Let’s look into what might be going wrong, how it shows up, and what a genuinely welcoming, engaging onboarding process should look like (it doesn’t involve drowning them in PDFs on day one).
Common Signs Your Onboarding Process Is Doing More Harm Than Good
Radio silence after contract signing – If a new hire doesn’t hear from you between “Offer Accepted” and “Day One,” don’t be shocked if they get cold feet.
Day one = death by PowerPoint – No one wants to sit through five hours of slides. Especially not alone in a boardroom with instant coffee and a stack of forms.
No proper tech set-up – Starting a job without a working laptop, login access or clear instructions is a sure-fire way to make someone feel like an afterthought.
Vague role expectations – If they don’t know what they’re doing or who to ask, they’ll feel lost. And worse — like they’re already underperforming.
No social introduction to the team – Humans need connection. Without it, your “welcome to the team” message means very little.
Here’s What Good Onboarding Looks Like
Communication before day one
Send a welcome email. Share the plan for their first week. If they’re remote, post out a welcome box or just a handwritten card. Little touches = big impact.
A structured (but not robotic) first week
Mix in training, 1-to-1s, shadowing, and downtime. Give them a buddy. Let them absorb the culture gradually. Don't flood them with info, just help them feel included.
Set clear expectations
They should know:
What their goals are for the first 30/60/90 days
Who their go-to people are
What success actually looks like in their role
Make it personal
Find out how they work best, what support they need, what excites them about the job. Onboarding shouldn’t be one-size-fits-all.
Check in regularly
Not just “How’s it going?”—really check in. Ask what’s working, what’s confusing, what could be better. Feedback in those early weeks is so important and will help you learn for future onboarding.
Real Talk: Why This Matters
Because people do leave bad onboarding experiences. They feel invisible. Or overwhelmed. Or like they were sold a different job altogether.

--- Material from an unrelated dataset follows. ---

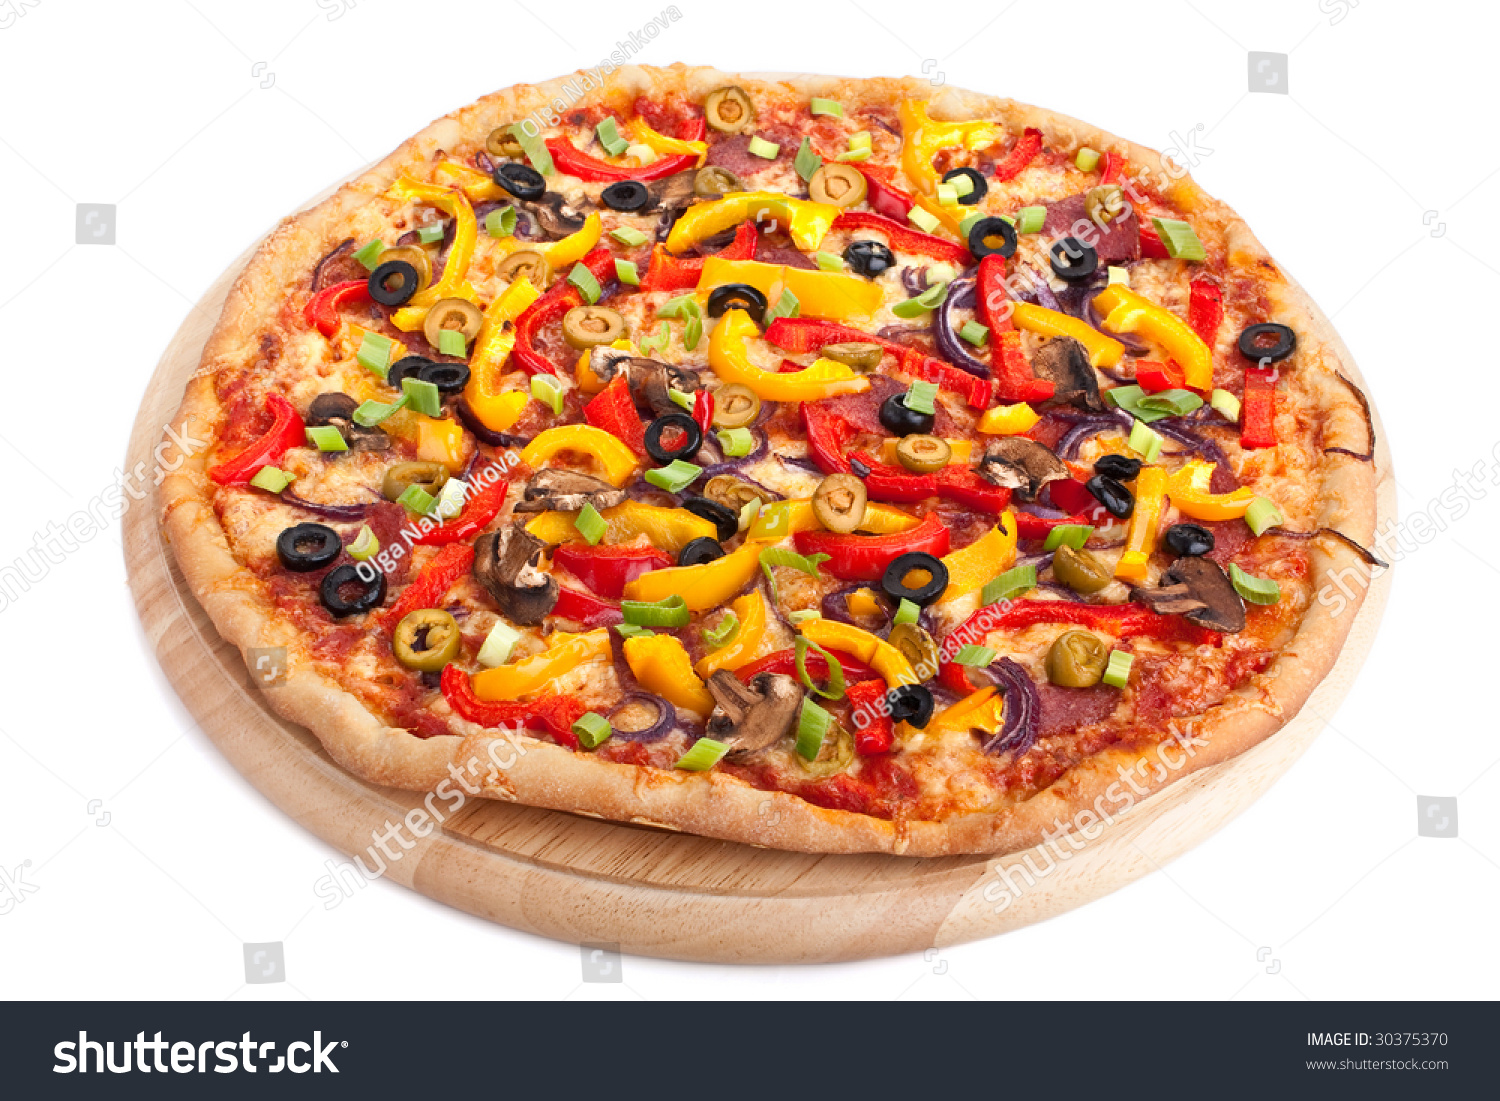 Colorful Vegetable Pizza On A Round Wooden Chopping Board Stock Photo ...

And replacing a new starter who ghosts in month one? Expensive, awkward, and totally avoidable.
The bottom line?
Onboarding isn’t admin, it's your chance to show new hires they made the right choice. A smooth, thoughtful start sets the tone for everything that follows. So if you’ve gone to the effort of finding great people, don’t let them down in the first week. Nail the welcome, and they’ll be far more likely to stick around, thrive, and become your biggest advocates.